J-E Combe : Je m’appelle Jean-Emmanuel, j’ai 26 ans, et je suis Chef de Projet Informatique dans un centre de lutte contre le cancer. A côté, je pratique régulièrement l’hypnose depuis 2008 et plus spécifiquement l’hypnose de rue.
JDP : Comment êtes-vous venu à l’hypnose ? Quels hypnotiseurs ont nourri votre passion ?
JEC : Mon envie de découvrir les coulisses de l’hypnose s’est faite au hasard d’une émission télévisée consacrée à Derren Brown. Je le savais illusionniste, mentaliste, mais pas hypnotiseur. Je croyais qu’il y avait un « truc », jusqu’à ce que je comprenne que le truc en question était lié à la suggestion. Je me suis donc plongé dans de nombreuses lectures pour mieux comprendre…
Je dois donc avouer que Derren Brown a été le déclencheur chez moi de cette passion pour l’hypnose. Anthony Jacquin a été lui à l’origine de ma passion pour l’hypnose de rue. Son premier livre « Reality is Plastic » a été pour moi une bible pendant très longtemps et une réelle inspiration.
JDP : Pourquoi êtes-vous allé dans la rue pour pratiquer l’hypnose ?
JEC : Une fois qu’on a fait le tour de ses proches, on s’ennuie très rapidement. Une personne déjà hypnotisée n’est plus un challenge. Un simple claquement de doigts peut la faire replonger dans un état très profond. Il fallait donc trouver un moyen de renouveler constamment mes volontaires, afin de toujours conserver ce côté magique de la « première fois ».
JDP : Comment se sont passées vos premières expériences ?
JEC : La toute première, sur un ami, fut un échec. J’étais tout tremblant, peu convaincu ni convaincant. J’osais à peine, de peur de paraître stupide. Et puis je suis allé proposer l’hypnose à des étudiants dans un parc tout près de mon université en prétendant être déjà très expérimenté. Un vrai coup de bluff, qui s’est révélé une expérience incroyable. Ils se sont laissé aller et ils ont réussi à lâcher prise complètement. Ce fut une expérience inoubliable pour moi.
JDP : A partir de quel moment avez-vous ressenti le besoin de créer un blog et quel est l’objectif de ce blog ?
JEC : Assez tardivement en fait. Pendant près de quatre ans, j’ai hypnotisé dans mon coin, rencontrant sporadiquement quelques magiciens intéressés par l’hypnose.
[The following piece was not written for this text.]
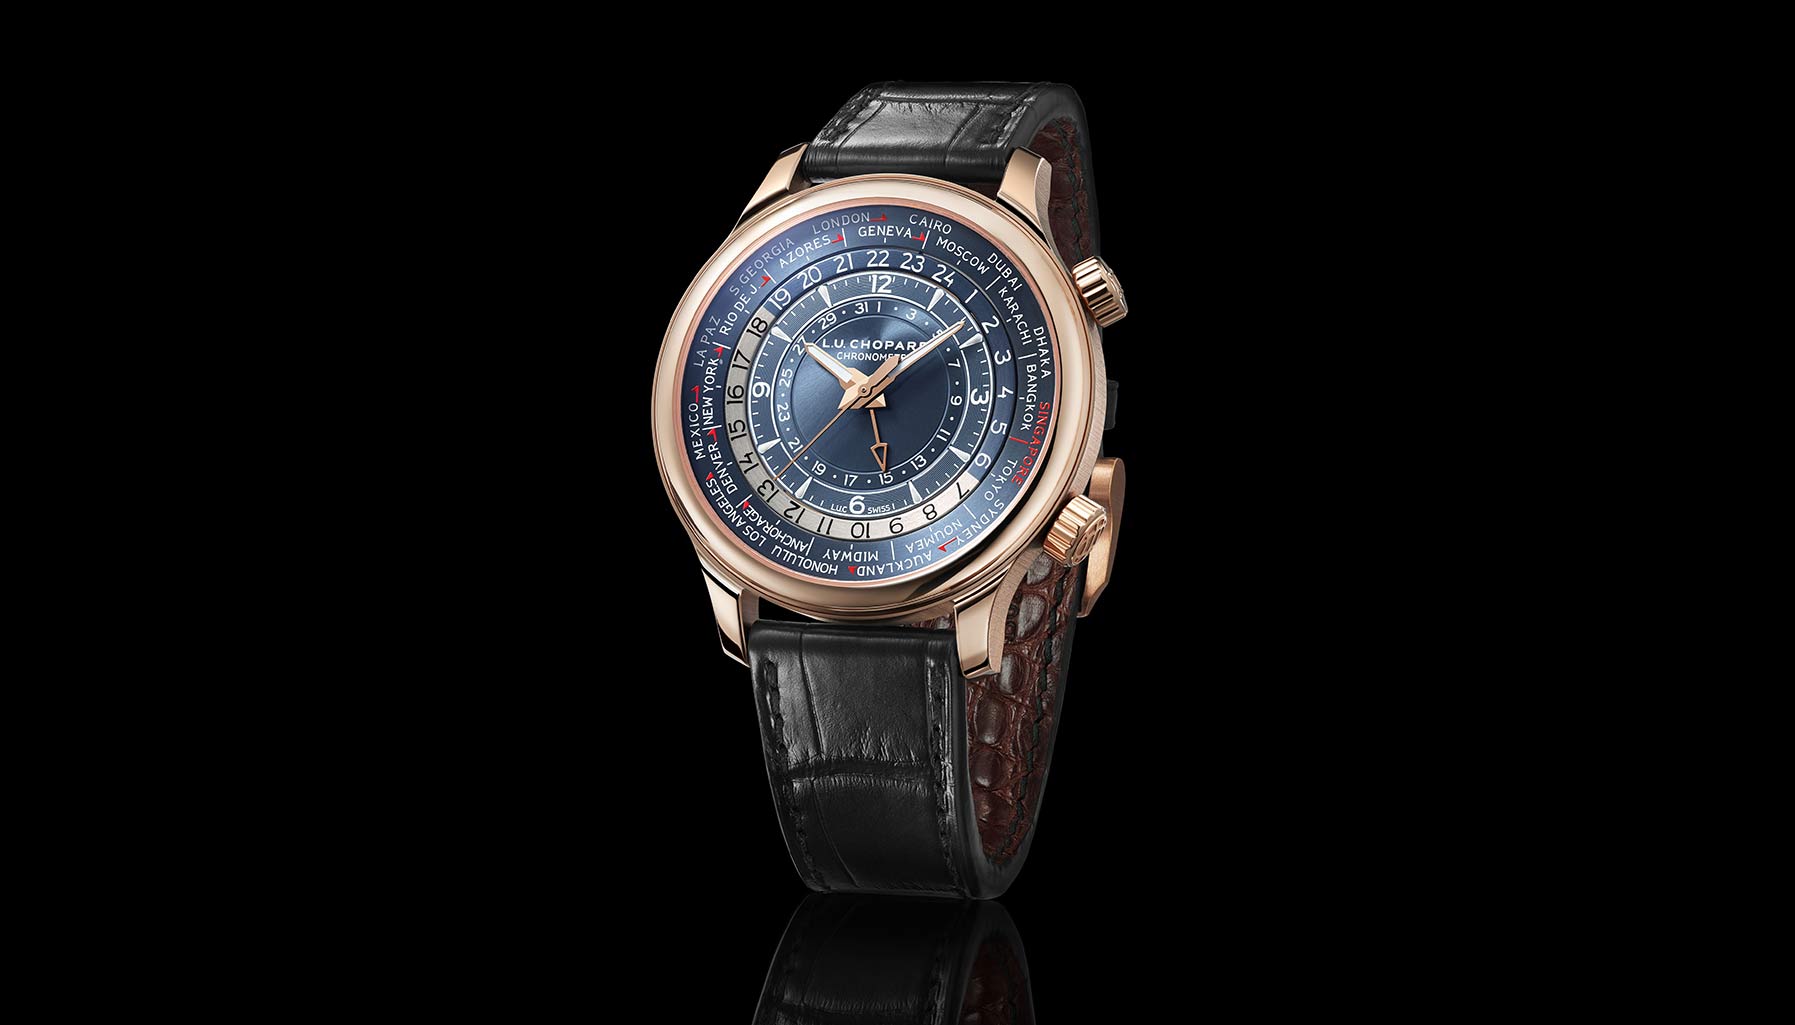 Chopard LUC Time Traveler One – Singapore Edition

Notamment par le bouche-à-oreilles. J’avais jusqu’alors une activité beaucoup plus irrégulière. Et puis j’ai voulu me plonger complètement dans cette passion pour l’hypnose. Sans retenue. J’avais envie de transmettre mon expérience et de la partager. J’ai donc eu l’idée de créer un blog pour parler de moi, de ce que je fais, afin de présenter l’hypnose de rue qui était à cette époque une pratique très rare en France, pour ne pas dire inexistante. C’était au début une démarche totalement égoïste. Et puis petit à petit, le blog a évolué pour apporter également une aide à l’apprentissage de l’hypnose.
JDP : Le blog a-t-il rencontré un public ?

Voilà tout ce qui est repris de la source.